Only a few miles from Wainhouse Terrace (see another residential thread) is this estate of 60 homes

On 8th August 1911 the Housing and Town Planning committee of Huddersfield Corporation gave the approval for the construction of the first two blocks of 20 tenement flats of a planned 4 block development of much needed two storey workmen’s housing on the site of the old Moldgreen gas works off Poplar Street, Moldgreen.

All four blocks are in coursed York stone. The tenement blocks have cantilevered concrete deck access on the first floor with small cantilevered concrete balconies. Every flat had windows on each side, a WC and a 1st floor flats had balconies.

The development was designed by the borough engineer, Kenneth Findlater Campbell.

The rents for the tenements were set at 3s 9d for the upper deck and 3s 6d for the lower. Priority tenancies were to be offered to the area’s cellar dwellers. Under new byelaws the corporation then closed cellar dwellings as they became empty.
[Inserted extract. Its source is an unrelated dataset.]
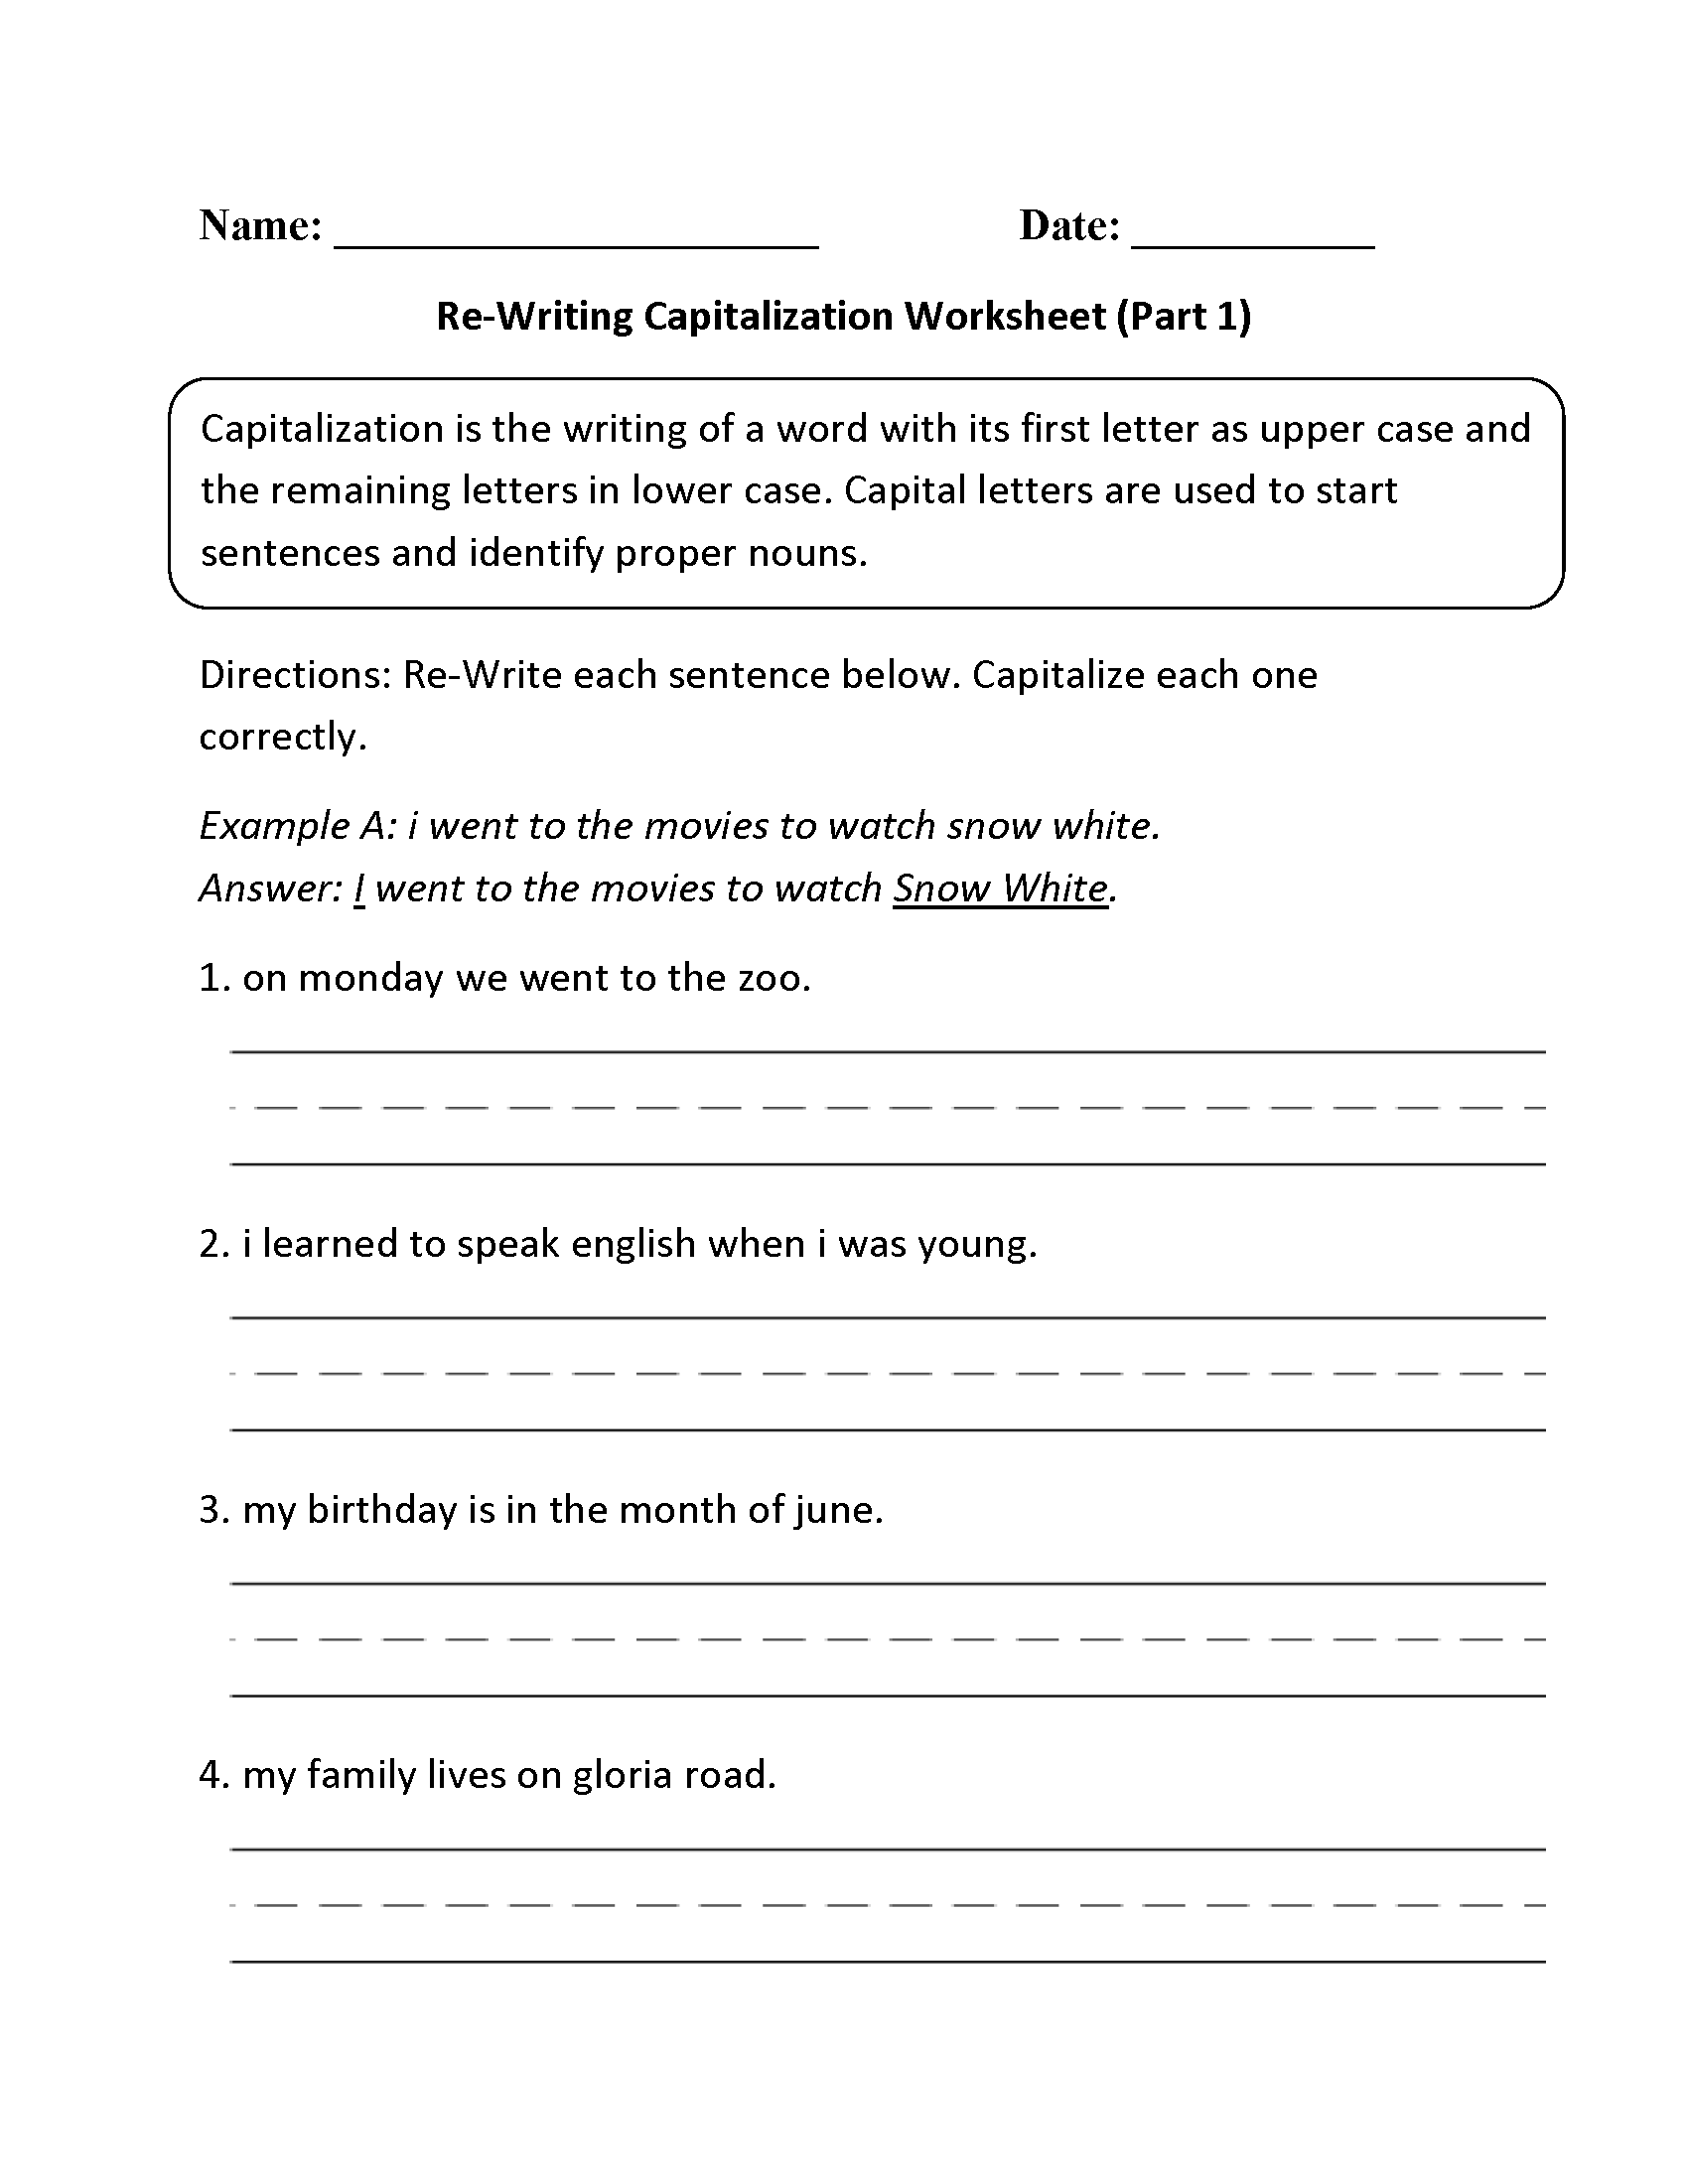 capitalization-worksheets-for-grade-1-worksheets-for-kindergarten

There is a current planning application seeing total redevelopemt of the estate. See http://www.kirklees.gov.uk/business/planning/Details.asp?id=2007/93687 and http://www.examiner.co.uk/news/loca...-up-plan-to-demolish-60-homes-86081-20327278/






























Note the approaching stone throwing but camaera shy chavs:














On 14 December 1914 Block 1, the 6 houses to Wakefield Road were named ‘Belgian Terrace’, in either solidarity with the invaded country or commemoration of the recent battles. Blocks 2 and 3 forming the cul de sac of the extended Poplar road were called Gelder Terrace, presumably after the late Moldgreen man George Gelder (1819-1899), public health reformer, preacher and textile merchant, described as “The Grand Old Methodist of Huddersfield”. Block 4 of 22 tenements facing Poplar Road is often known as Poplar Terrace.
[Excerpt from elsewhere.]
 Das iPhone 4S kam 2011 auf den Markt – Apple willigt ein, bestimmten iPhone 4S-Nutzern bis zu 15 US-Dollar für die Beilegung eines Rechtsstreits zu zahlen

The flats feature in Workers’ Housing in West Yorkshire 1750-1920 (by Lucy Caffyn with the Royal Commission on the Historical Monuments of England and West Yorkshire Metropolitan County Council) HMSO 1986. p142-3, pl. 169.
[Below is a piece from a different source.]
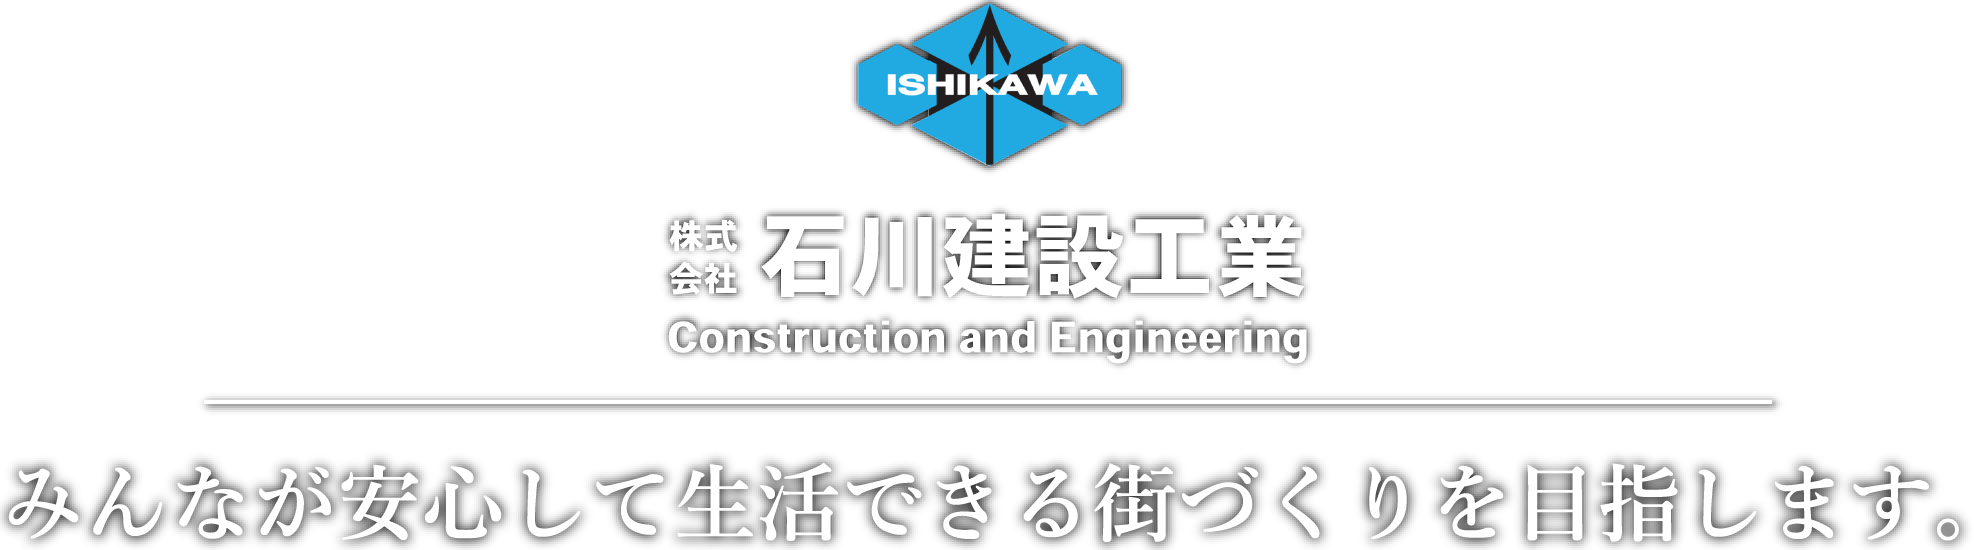 株式会社石川建設工業 みんなが安心してできる街づくりを目指します。

There was a vile murder at No 17 Gelder Terrace in 1983. The details of on of the convicted men's appeal are at http://www.ccrc.gov.uk/CCRC_Uploads/HAYES_DENNIS_FRANCIS_-_1_8_02.DOC Don't go there unless you have the stomach for the horror.


----------



## King Al (Feb 25, 2008)

Cool find cinestep, Real ghost town feel


----------



## smileysal (Feb 25, 2008)

I do like these, they look great.  Shame about the stone throwing chavs tho


----------



## Foxylady (Feb 27, 2008)

Really enjoyed seeing your pics, Cinestep. Very interesting history too. Good report.

Cheers


----------



## UrbanX (Feb 27, 2008)

Nice find! Good commentary too BTW, you've done your homework! 
Take it they were all locked up tight?


----------



## DJhooker (Feb 27, 2008)

Reminds me of Salford! (aka the ghetto!)


----------



## strange (Mar 12, 2008)

just read up on the murder. nasty stuff they should have got longer than 17 years that was just plain evil! nice find tho i love places like this


----------



## DPW2008 (Mar 13, 2008)

Nice find - bloody chavs get everywhere don't they! Looks quite a modern site.


----------



## Jetbrown (Aug 31, 2008)

A couple of the steel door covers are off now, but its a dodgy area to play in.
Would expect a few alchies or druggies to be dossing there!


----------